## Activity
Apart from the pictures, every line below needs to be reproduced verbatim.

## Available data
━━━━━━━━━━━━━━━━

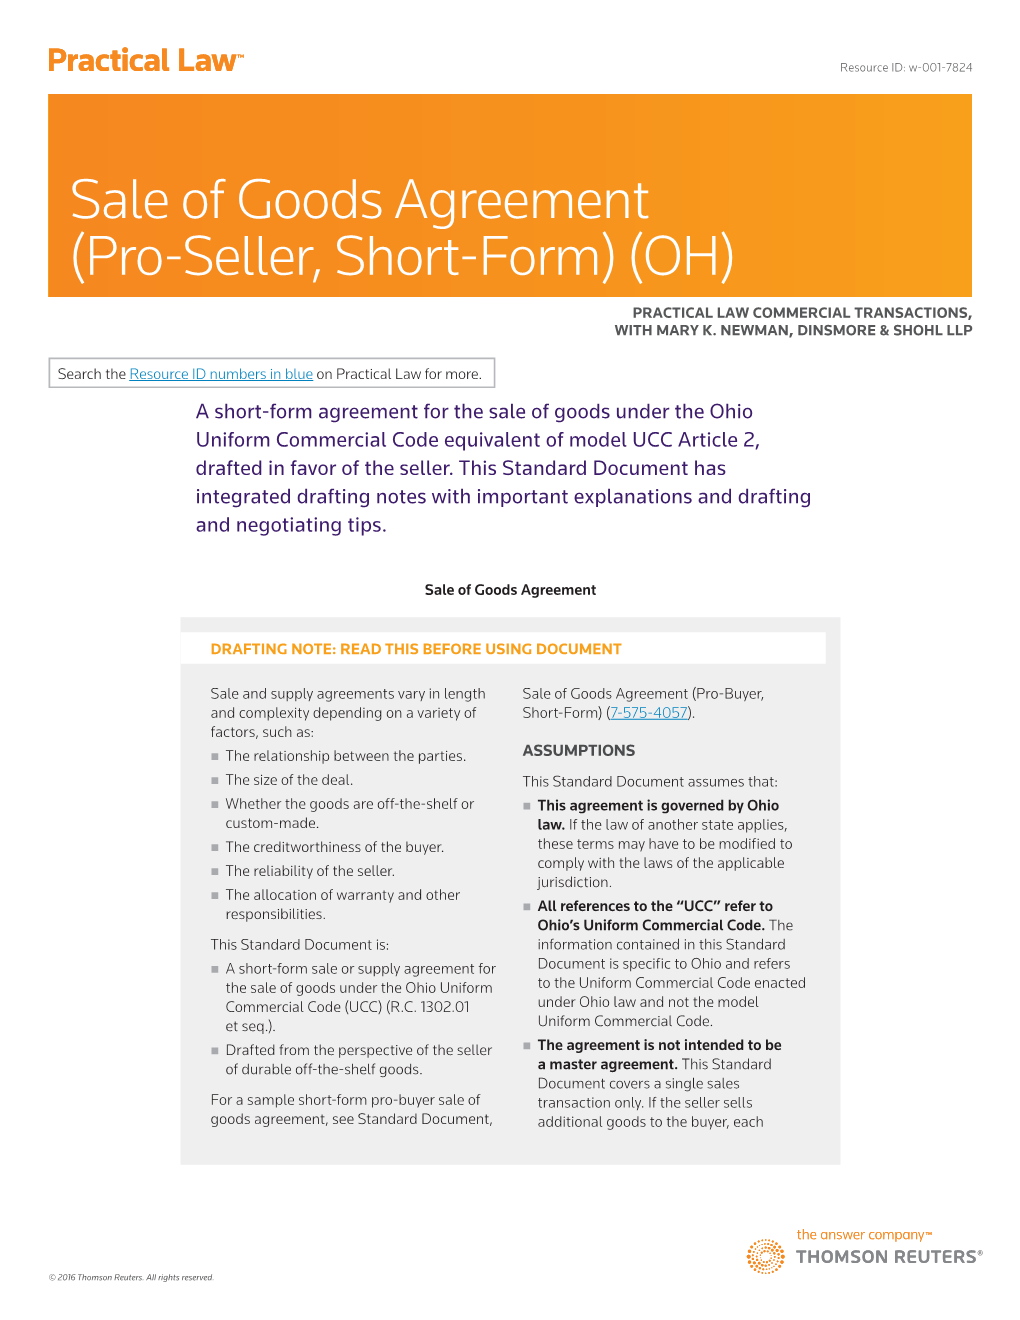 Sale of Goods Agreement (Pro-Seller, Short-Form) (OH)
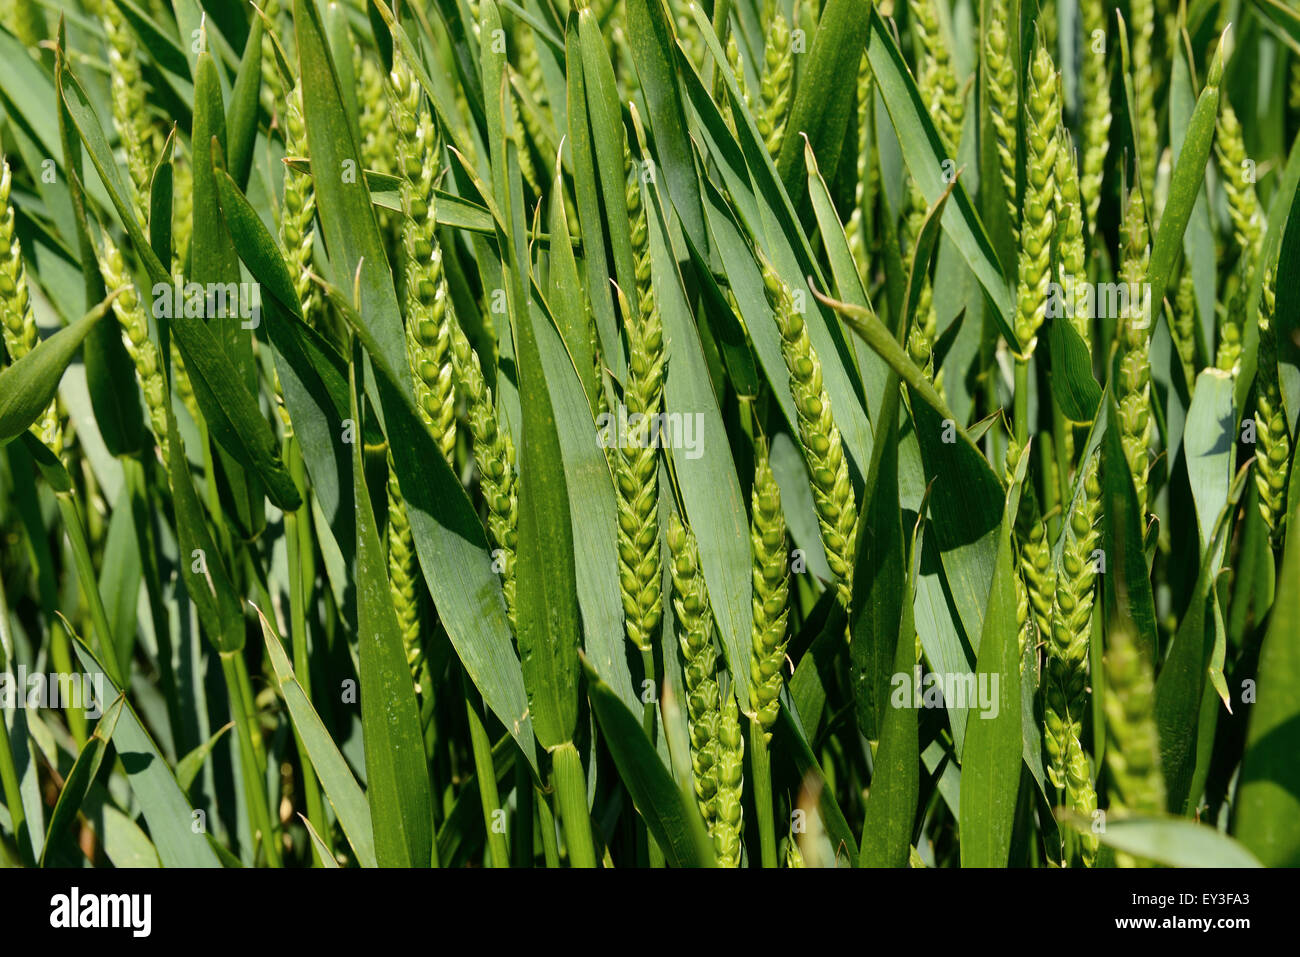 Winter wheat crop in unripe green flowering ear stage 60, Berkshire, UK, June Stock Photo
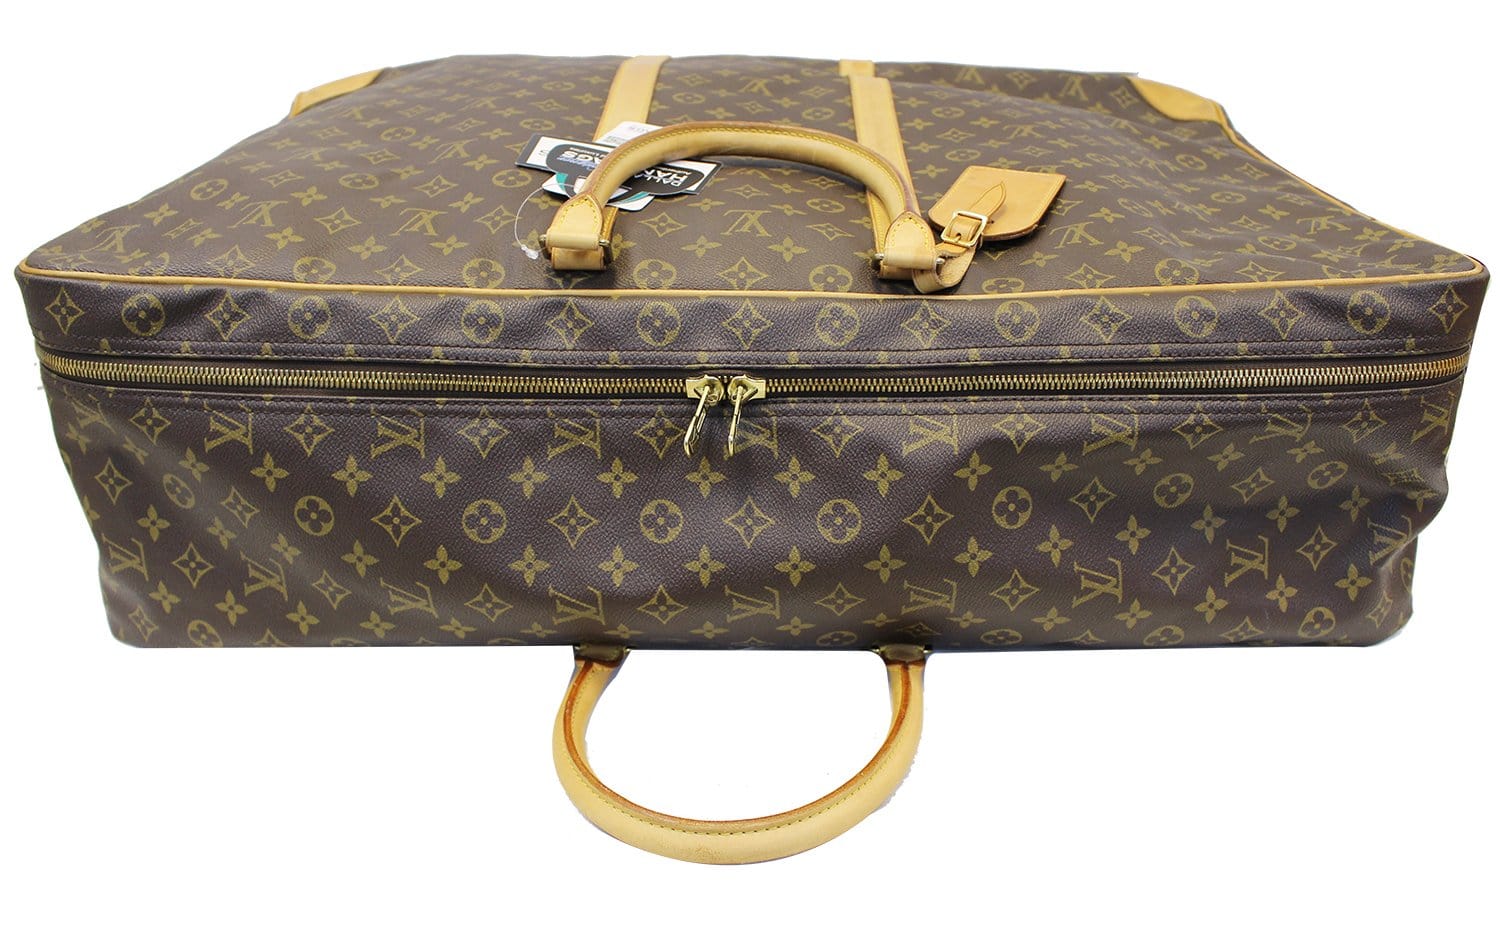 Louis Vuitton Monogram Canvas Sirius 70 Soft Sided Suitcase
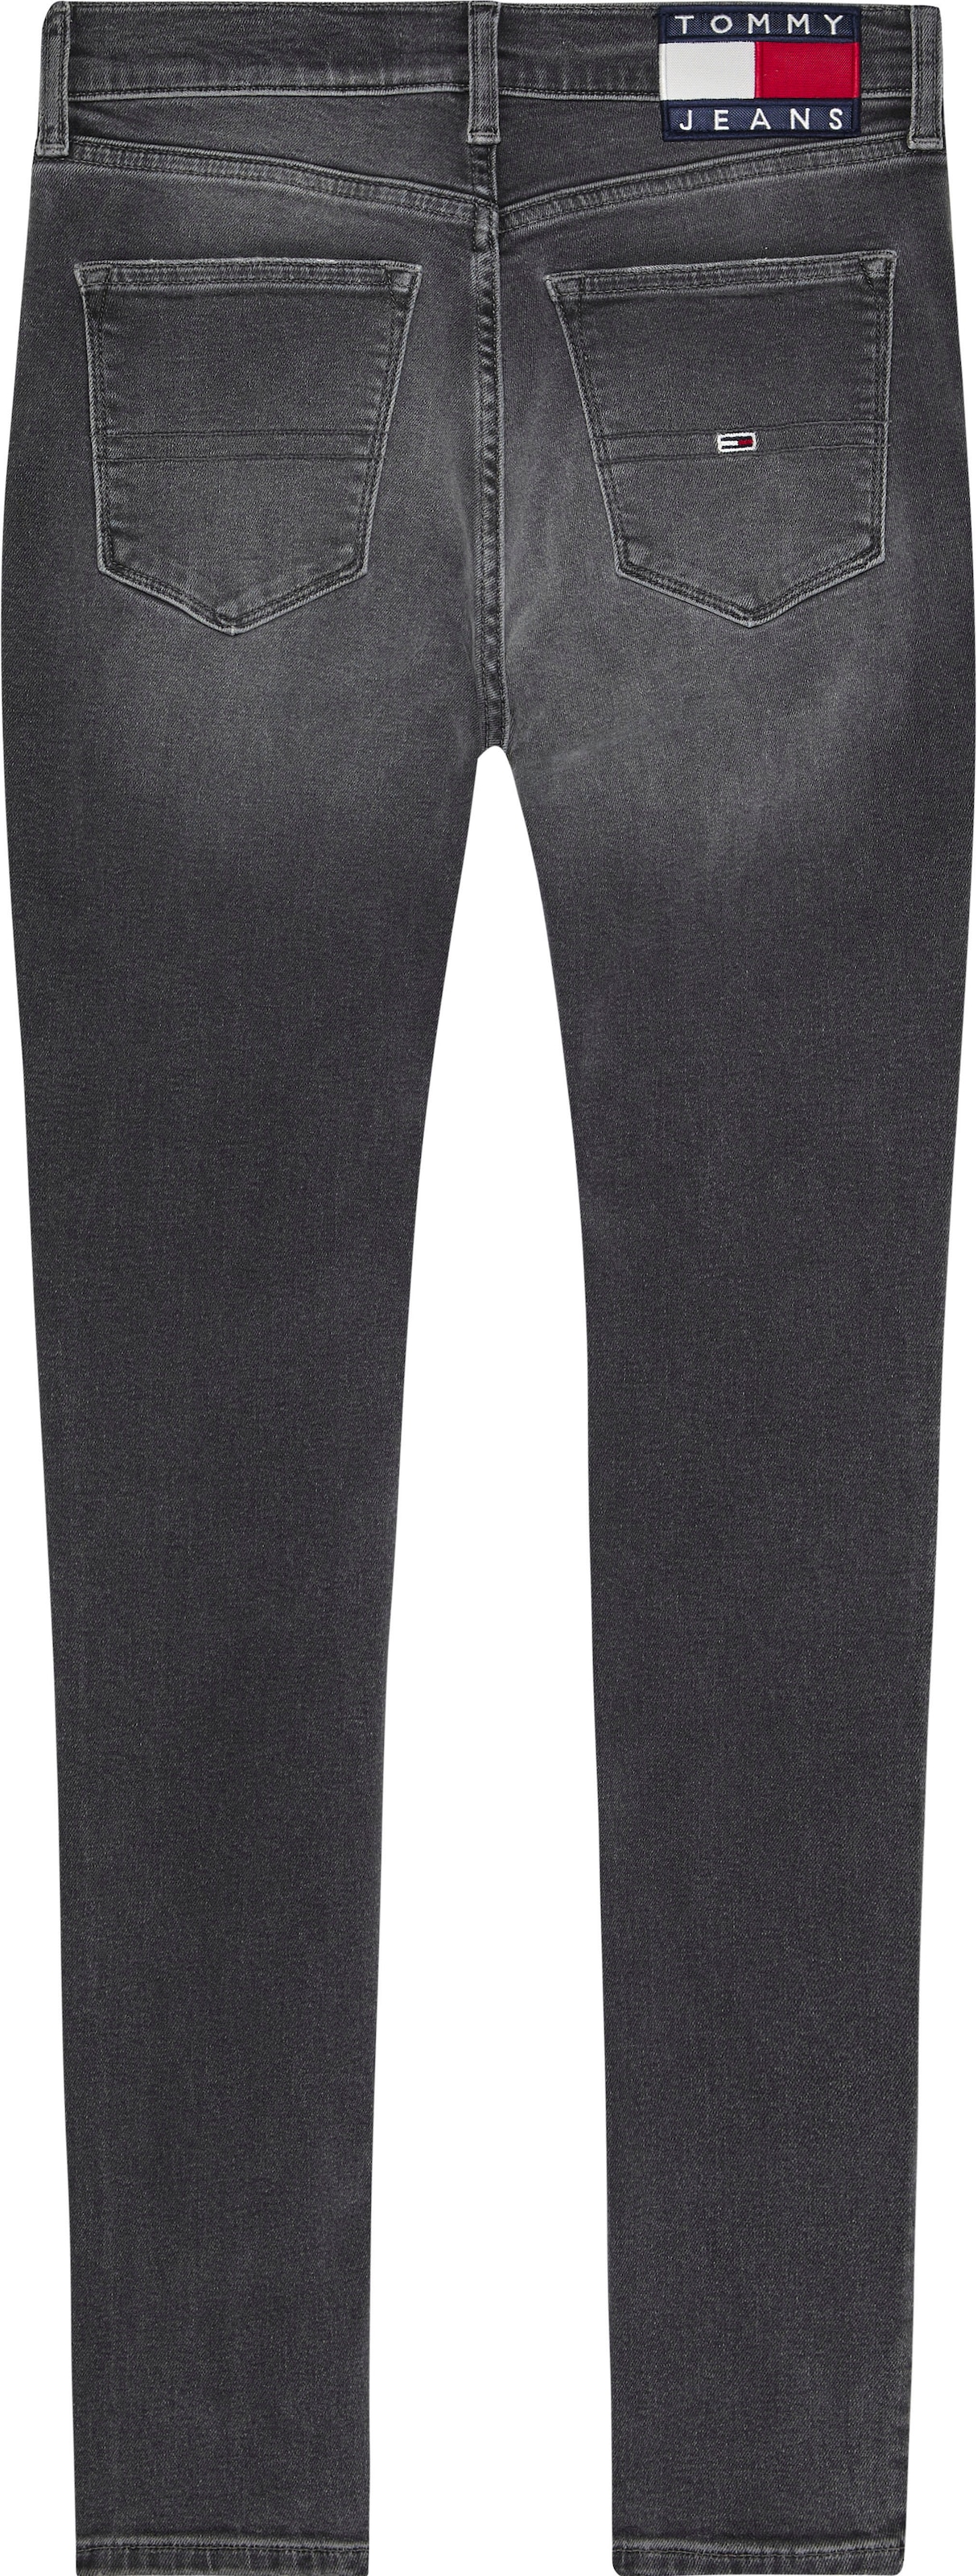 Jeans OTTOversand & Jeans SKINNY PVS mit Skinny-fit-Jeans Logo-Flag bei gestickter Tommy Tommy »NORA MR BG2235«, Destroyed-Effekten

━━━━━━━━━━━━━━━━

## Answer for this exercise
 Sale of Goods Agreement (Pro-Seller, Short-Form) (OH)
 Winter wheat crop in unripe green flowering ear stage 60, Berkshire, UK, June Stock Photo
 Louis Vuitton Monogram Canvas Sirius 70 Soft Sided Suitcase
 Jeans OTTOversand & Jeans SKINNY PVS mit Skinny-fit-Jeans Logo-Flag bei gestickter Tommy Tommy »NORA MR BG2235«, Destroyed-Effekten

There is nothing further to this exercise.